*** Opening of SUPPLIED INFORMATION ***

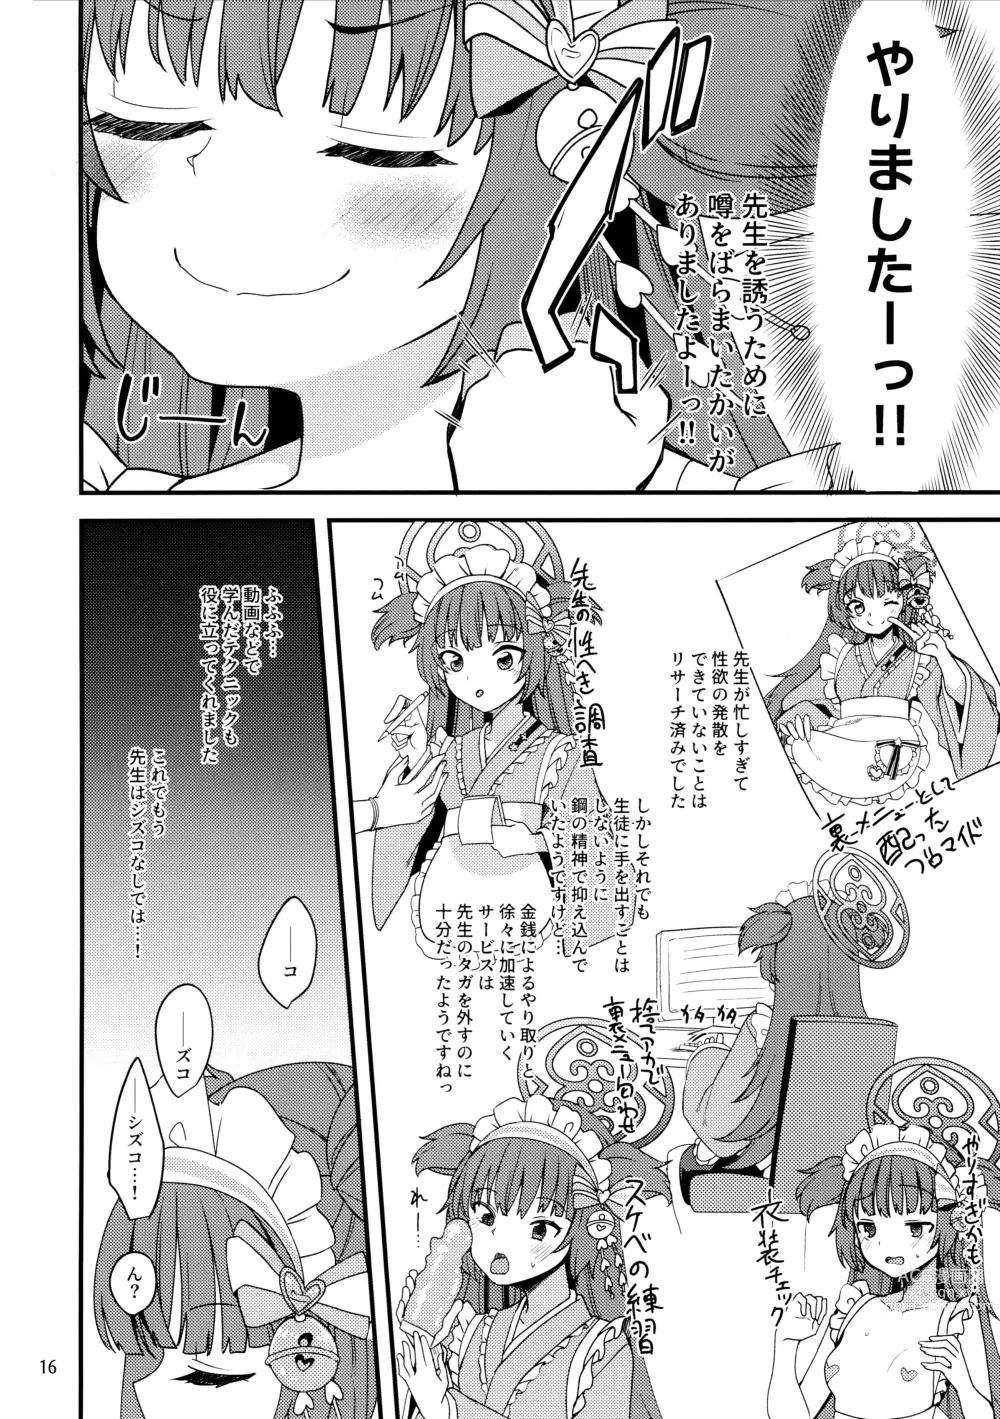 Page 15 of doujinshi Momoyo-dou ni wa Ura Menu ga Aru.
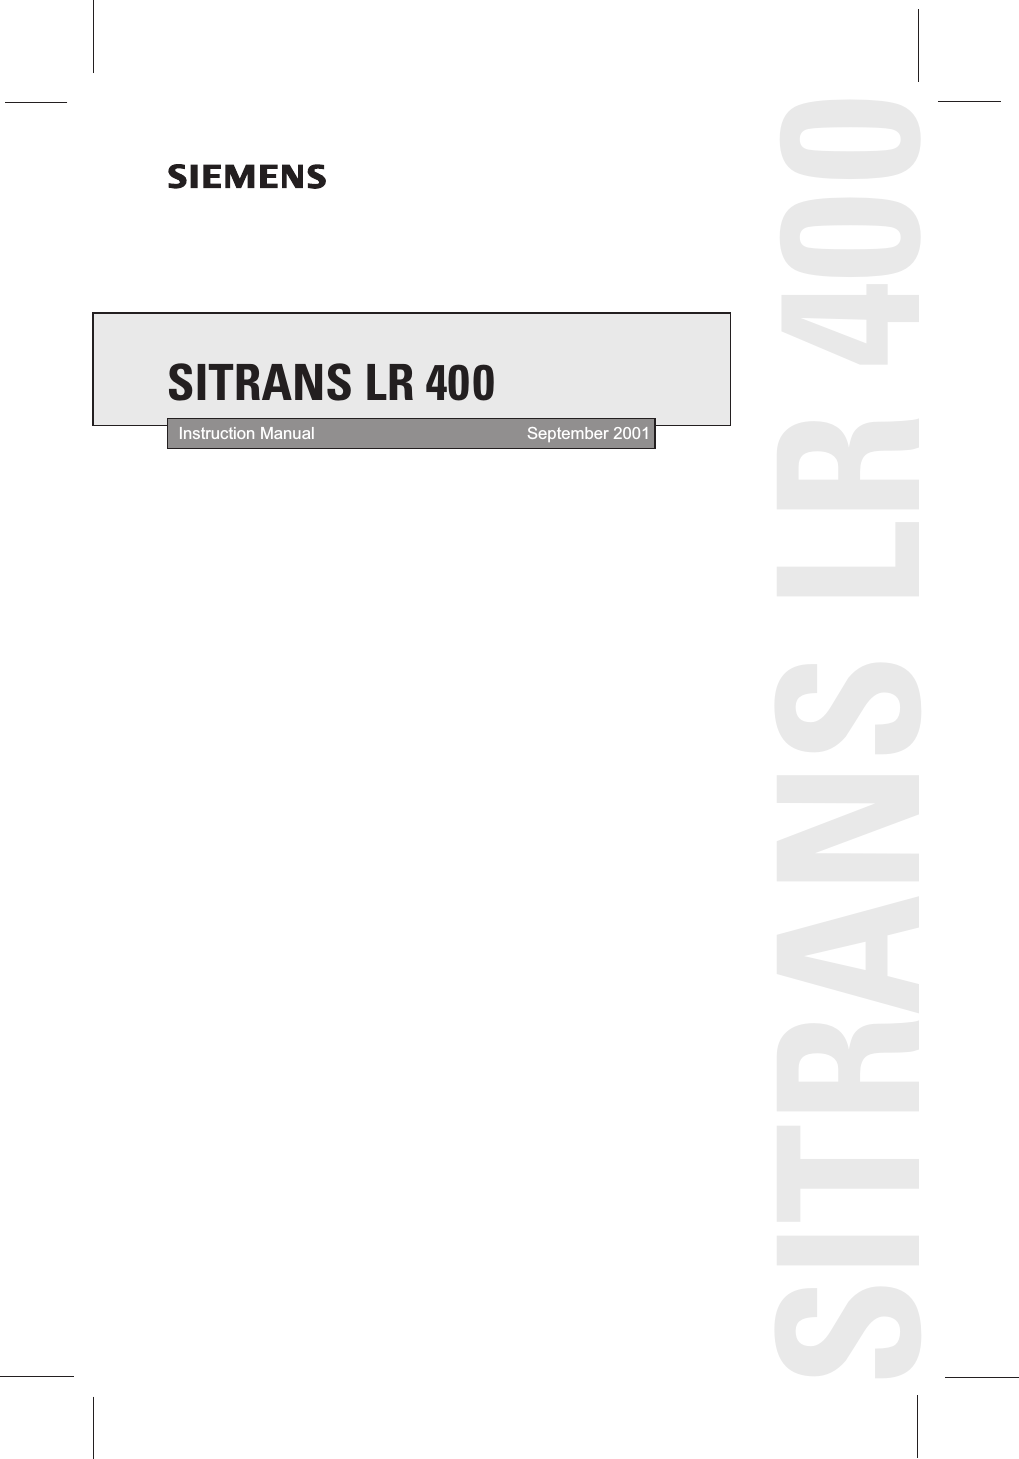 Instruction Manual September 2001SITRANS LR 400SITRANS LR 400
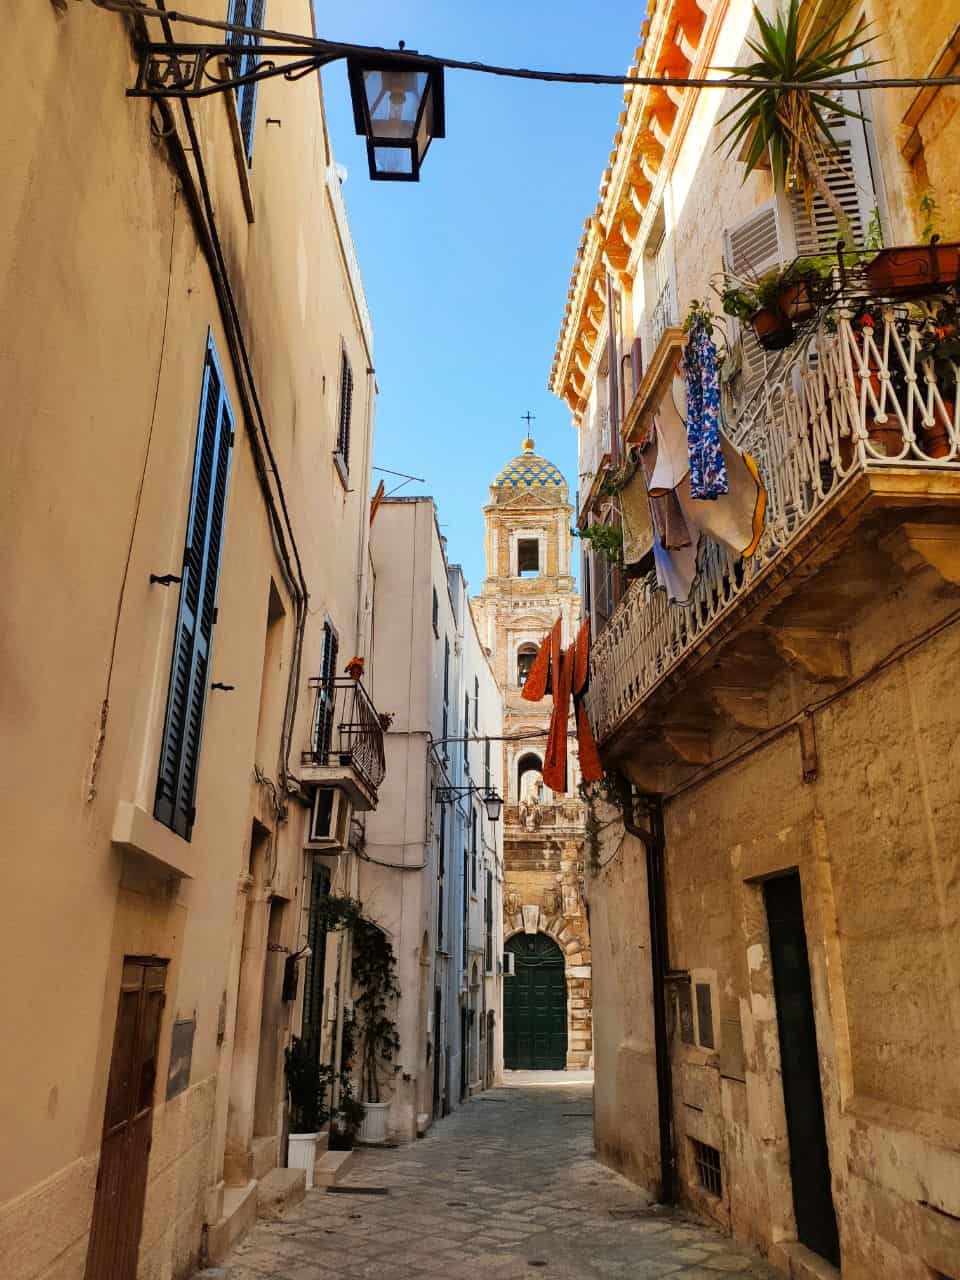 Centro storico di Conversano - 5 esperienze indimenticabili da fare in Puglia

*** Close of SUPPLIED INFORMATION ***

AIM OF THE TASK: Please output the listing above in full, exactly as given, without its images.

FINISHED TASK:
 Page 15 of doujinshi Momoyo-dou ni wa Ura Menu ga Aru.
 Instruction Manual September 2001SITRANS LR 400SITRANS LR 400
 Centro storico di Conversano - 5 esperienze indimenticabili da fare in Puglia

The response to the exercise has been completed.